When it was published, in 1855, “The Song of Hiawatha” quickly outstripped “Evangeline” in its success, selling four thousand copies on its first day alone. There was a wealth of parodies, “made tempting,” as Basbanes notes, “by the tom-tom tempo of the meter.” But these, too, were a tribute to the poem’s pervasive presence in American popular culture, which eventually spawned not only related works of art but Hiawatha-branded tobacco, bicycles, dishes, Christmas stockings, soap, potato sacks, thermometers, and biscuit tins. Truly, Longfellow was everywhere. By the end of his life, as the scholar Bliss Perry pointed out, carping about this beloved icon was no more acceptable than “carrying a rifle into a national park.”
Then the worm turned. Not surprisingly, it was the modernists who ejected Longfellow from the pantheon, viewing his metrical sleekness and front-parlor gentility as the worst kind of Victorian dross. The critic Van Wyck Brooks delivered the death blow in 1915. “Longfellow is to poetry,” he declared, “what the barrel-organ is to music.” Reputations rise and fall and rise again, and many writers retreat into a kind of hibernation when they die, waiting for the warmth of renewed acclaim to bring them back to life. Yet Basbanes seems to take Longfellow’s banishment rather personally. In fact, he alleges a hit job. Longfellow, he insists, “was the victim of an orchestrated dismissal that may well be unique in American literary history—widely revered in one century, methodically excommunicated from the ranks of the worthy in the next.”
Come now. Many revered writers have dropped down the memory hole, including Longfellow’s peers William Cullen Bryant and James Russell Lowell. For that matter, the passing decades have yielded additional reasons for Longfellow’s critical antagonists to beat him over the head. There is, for example, the matter of cultural appropriation and the big fat target that is “Hiawatha.” The poet would probably play the Weltliteratur card and move on. And, indeed, his multiculturalism now looks admirably prescient. So does his social conscience, which led him to publish “Poems on Slavery,” in 1842—a daring move at the time, and the object of a vicious review by Edgar Allan Poe. (The collection, Poe sneered, was “intended for the especial use of those negrophilic old ladies of the north, who form so large a part of Mr. LONGFELLOW’s friends.”) The poet also backed up his words with deeds, using some of his profits from “Hiawatha” to secretly buy slaves out of bondage. If any writer of his era is able to survive the obstacle course of cancel culture, it is likely to be Longfellow.
The ultimate litmus test, however, is the poetry.

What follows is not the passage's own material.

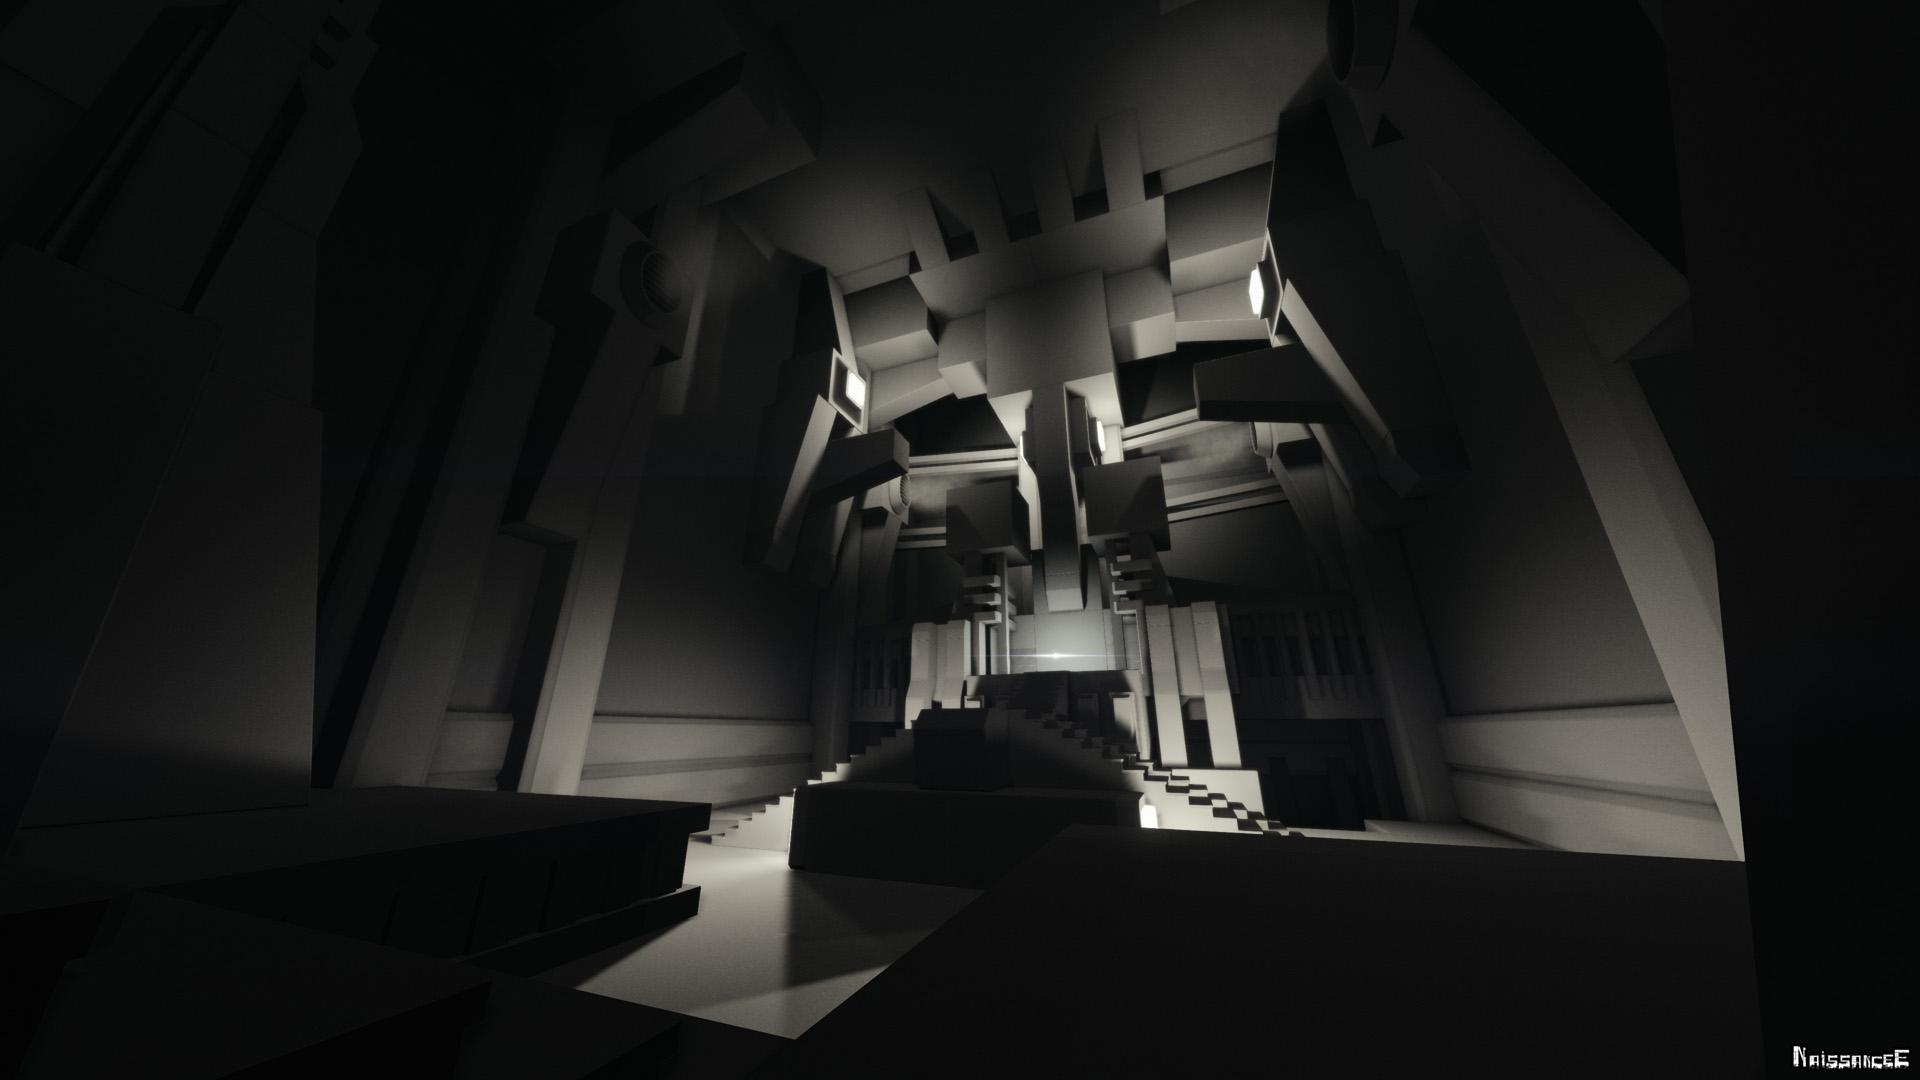 カオス化し無限に広がる超構造体と 幻想的で狂気的な精神世界を彷徨う

I snapped up the Library of America edition of “Poems and Other Writings” with a thrill of anticipation, fully hoping to encounter the Promethean figure of Basbanes’s biography. Reader, I tried. I thumbed through several hundred tissue-thin pages, added my wobbly midrash in mechanical pencil, chanted long passages aloud. I encountered the gems I have mentioned above, and many more. I was also won over by the sheer decency of the man, which seems somehow inextricable from his creations. As Oscar Wilde noted, perhaps with double-edged irony, “Longfellow was himself a beautiful poem, more beautiful than anything he ever wrote.”